Deep neural networks trained on GPUs will also be counted on to properly identify the other vehicles on the road. “A car might see a vehicle coming head on and the way it responds really depends if it’s a fully loaded oil tanker or a full SUV or Mazda Miata,” Ramey says. “Having a car be able to make those decisions in split seconds is critical.”
Earlier this year, Audi announced that it will use NVIDIA TX1 GPUs in developing its future automotive self-piloting capabilities, such as speed limit sign reading and vehicle detection, Ramey says. Other OEMs are also doing impressive work towards self-driving vehicles, including Tesla Motors, BMW, Mercedes, Toyota, Honda, Volkswagen, Tata Motors, Ford and GM. “You’ll see this come out as driver-assist, recommendations, and notifications,” he adds. “But it’s all necessary on this path to completely self-driving cars.”
Mirror, Mirror, On the Wall
GPU-powered deep learning can be used in any field that requires fast and accurate recognition of unstructured data, such as images, video, and sounds. So it’s not surprising to hear that the technique is catching on in radiography.
NVIDIA is working with an AI startup named MetaMind that’s using GPU-powered deep learning to help doctors identify various conditions, including diabetic retinopathy, a form of blindness caused by untreated diabetes. An ophthalmologist equipped with the proper GPU-powered imaging machine could see the early signs of this disease and take steps to prevent it.
Another company is working on a diagnostic mirror that uses GPU-powered deep learning to judge the health of a person by their image. “This device might be able to give you a really insightful checkup every morning before you go to work,” Raney says.
The securities industry is also cashing in on GPU-powered deep learning. “They’re taking in large amounts of data, looking at historical patterns, and making recommendations for when and at what price to make trades… and to identify fraud and other mistakes,” Ramey says. “That whole area is a sweet spot for this technology.”

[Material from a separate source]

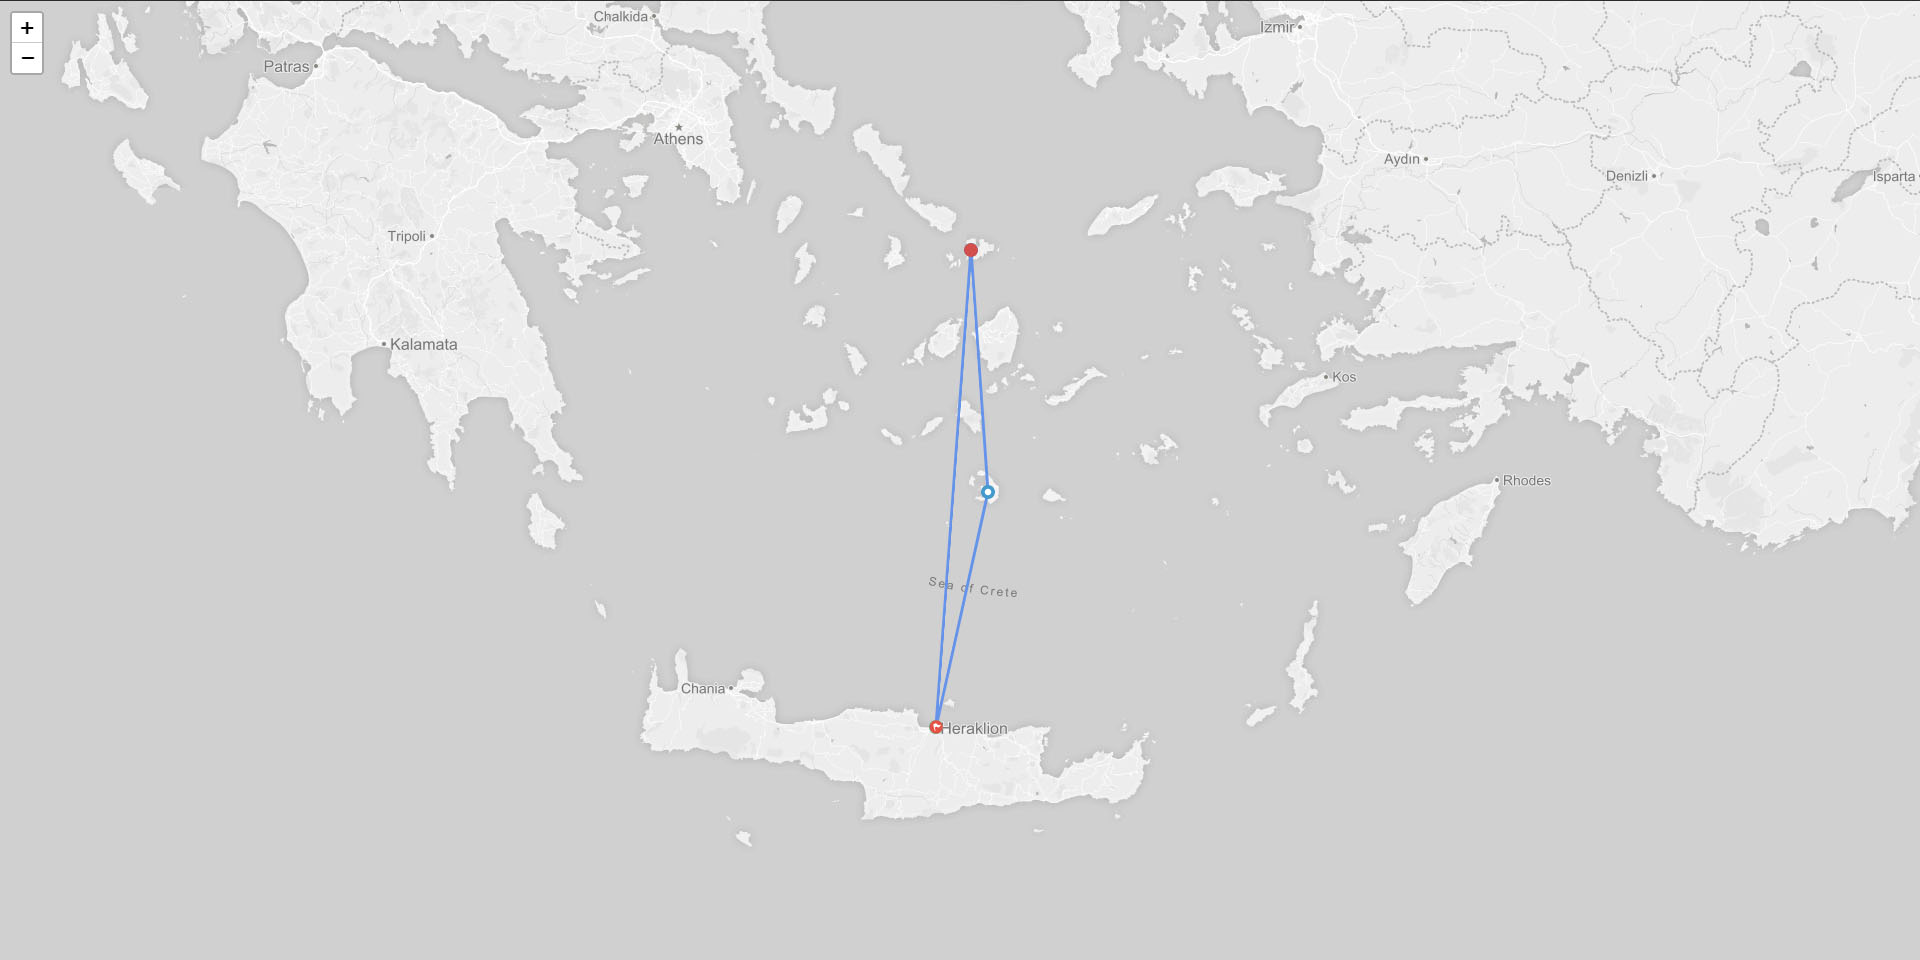 Crete / Santorini / Mykonos / Crete

Some of the early projects involving GPUs and deep learning may seem far-fetched today, Ramey admits. “It’s a little bit of science fiction,” he says. “But you can basically see a straight line from where we are today to those kinds of applications being a reality.”
The World on GPUs
This month NVIDIA plans to ship new software aimed at helping data scientists build deep learning systems powered by GPUs. This includes the version 3 release of its cuDNN library, which will feature out-of-the-box integration with four popular frameworks used to train deep neural networks, including Caffe, Minerva, Theano, and Torch.

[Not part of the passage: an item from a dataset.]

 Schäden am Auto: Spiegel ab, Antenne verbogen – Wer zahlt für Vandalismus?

The second announcement revolves around DIGITS 2, a new release of its GUI for managing deep learning environments on GPUs. The new version adds support for training multiple GPUs simultaneously. By enabling data scientists to train their models twice as fast, it allows them iterate much more quickly, and achieve a target level of accuracy much faster, the company says.
There are probably some areas of machine learning that haven’t yet been impacted by the advances in GPU-powered deep learning, but Ramey hasn’t been able to find them yet.

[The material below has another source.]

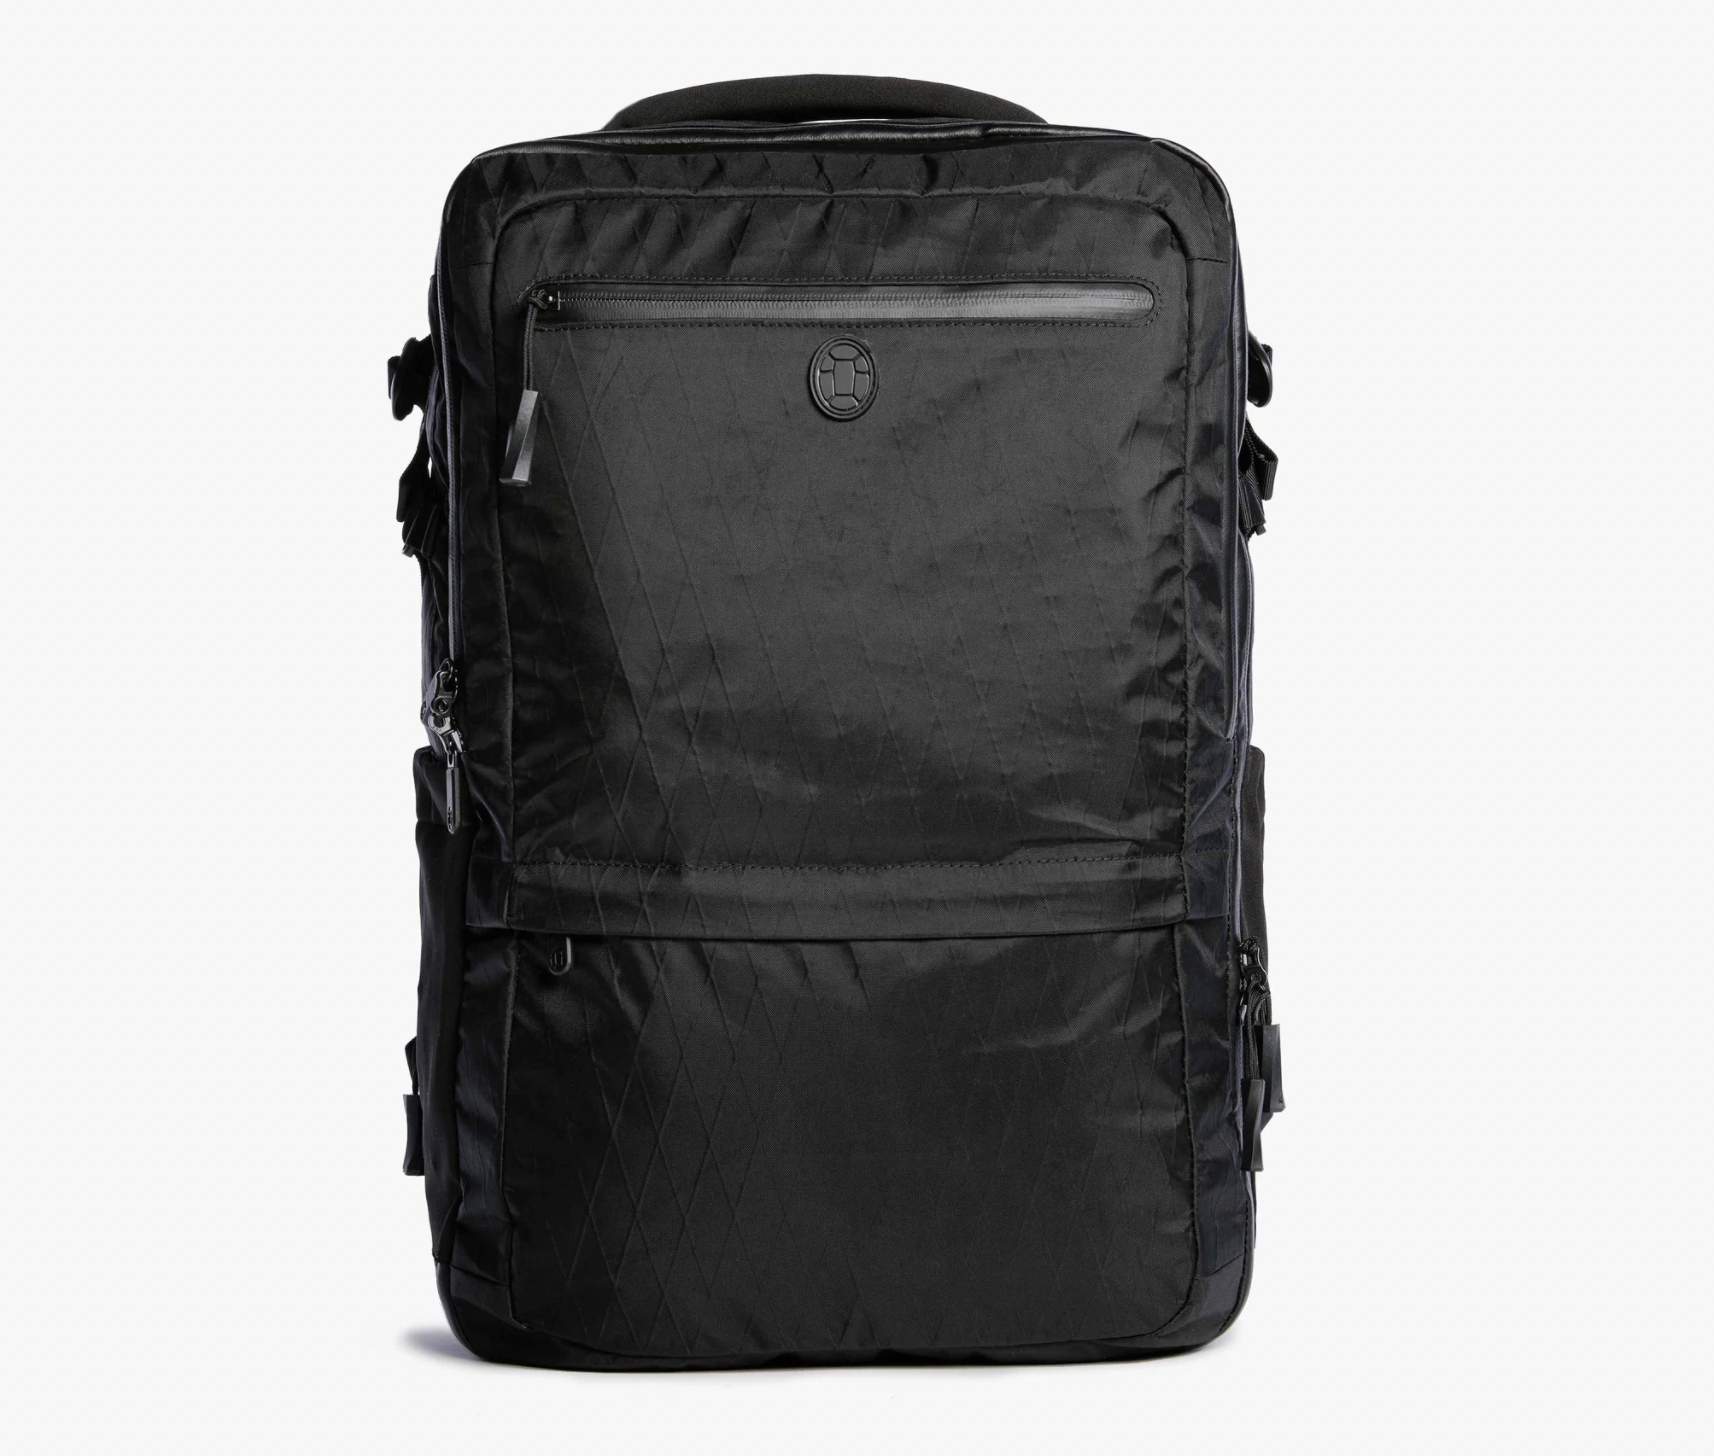 Onebag travel packing list

“Every time I go out and poke around to see…if anybody using GPUs in this area, I keep finding not just one, but multiple people,” Ramey says. “The entire revolution in deep learning is powered by GPUs.”
This article was corrected. Geoff Hinton did much to popularize deep learning on GPUs, but he did not invent the field of deep learning. Kunihiko Fukusima’s introduction of the Neocognitron in 1980 helped facilitate modern deep learning architectures. Before that, Alexey Grigorevich Ivakhnenko published the first general, working learning algorithms for deep networks in 1965.